O'Neill Near Bottom of List : Rockefeller, Low in Senate Seniority, Tops in Wealth

Associated Press

John D. Rockefeller IV, who ranks at the bottom in Senate seniority, was No. 1 in wealth as congressional disclosure forms gave hints today of the financial status of members of Congress.

But a better estimate than the sketchy information provided by the Senate form of the West Virginia Democrat's oil-based fortune was the $150-million figure given by Forbes Magazine.

Elected to the Senate in 1984 in a campaign in which he spent $12.9 million, much of it his own money, Rockefeller eclipsed such other beneficiaries of inherited fortunes as John Heinz (R-Pa.), John C. Danforth (R-Mo.), Edward M. Kennedy (D-Mass.) and Claiborne Pell (D-R.I.).

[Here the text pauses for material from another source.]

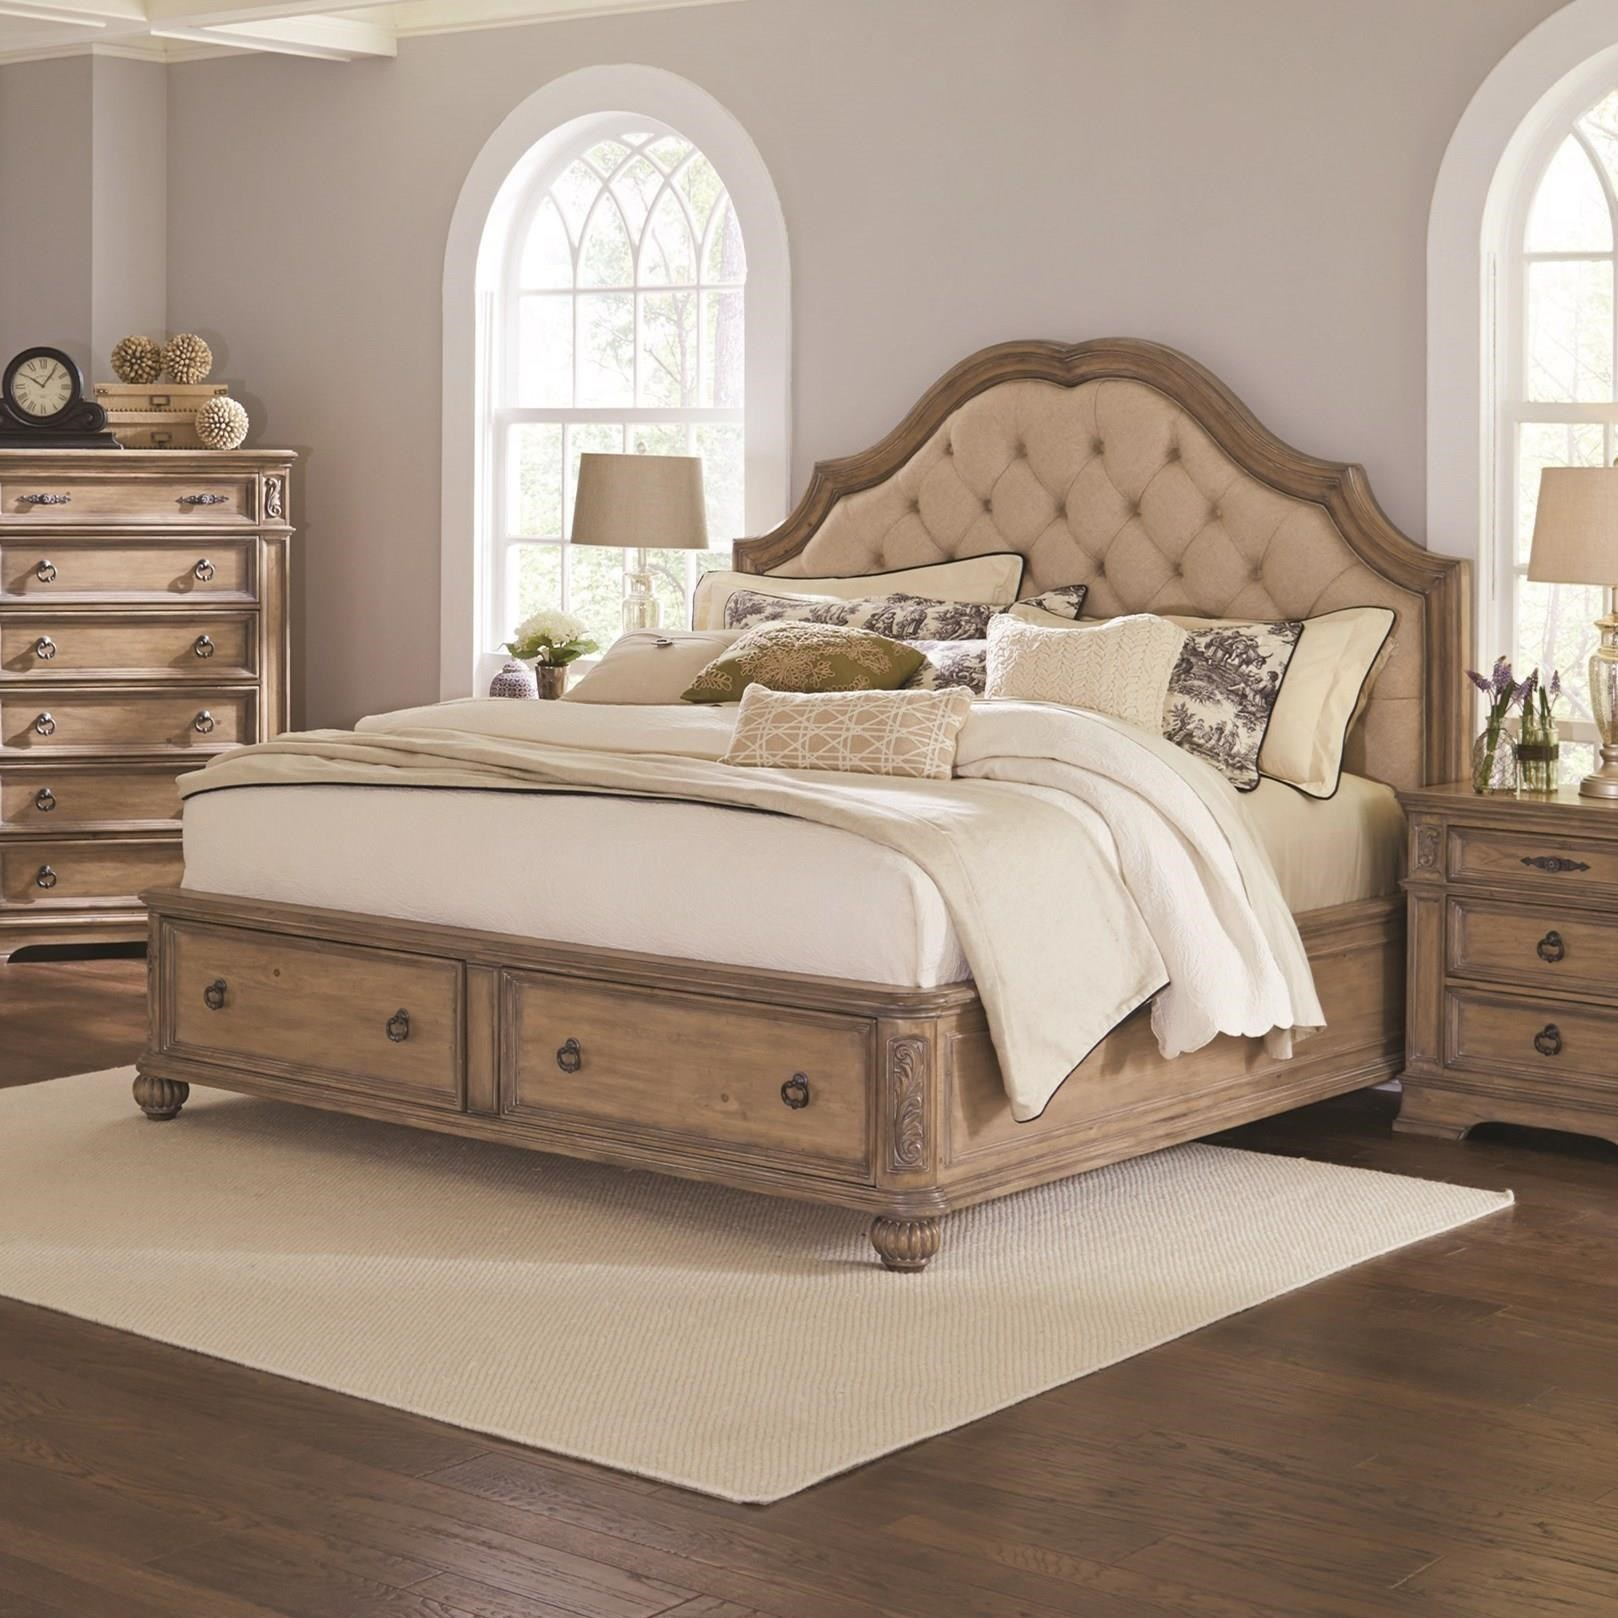 Ilana Queen Storage Bed With Upholstered Headboard Fine Furniture At Del Sol Furniture regarding dimensions 1618 X 1618

At the opposite end of the congressional scale of power and wealth was House Speaker Thomas P. (Tip) O'Neill Jr. (D-Mass.), who listed total assets of $25,000 and liabilities of $63,000.

The public disclosure forms included listings for income, assets and liabilities--within broad ranges--and exact reporting of gifts and honoraria.

Sen. Pete Wilson (R-Calif.), two years in the Senate and remarried, has accumulated property worth at least $1 million, compared to $20,000 when he took office in 1983. His disclosure forms showed income of up to $175,000 last year, as well as the property, which included a San Diego house, a 160-acre Colorado farm, an apartment and stock holdings.

Senate Majority Leader Bob Dole (R-Kan.) is half of one of the capital's best known two-income families. His wife is Transportation Secretary Elizabeth Hanford Dole. Their combined income beyond their government salaries was listed as at least $118,000.

Rockefeller and his wife, Sharon Percy Rockefeller, listed total income of at least $1.3 million in 1984, and assets of $4.14 million or more--in their case, a lot more.

Standard Oil Fortune

The son of John D. Rockefeller III, the senator benefits from two irrevocable family trusts and a third he established when he became governor of West Virginia. Rockefeller's holdings are based in the vast family fortune established by his great grandfather, John D. Rockefeller, the founder of Standard Oil Corp.

Danforth is heir to income from his family's holdings in the Ralston Purina Co.

Heinz is heir to a food family fortune. The Pennsylvania senator disclosed that he received a $972 season pass to the Philadelphia Phillies baseball games last year, but never used it.

Kennedy's income in 1984 was at least $560,193. He received a minimum of $500,000 from trust funds set up by his father, Joseph P. Kennedy.

Pell's fortune is one of America's oldest and is based on widely diversified holdings. The Rhode Island Democrat listed at least $5.4 million in assets and $953,146 in income.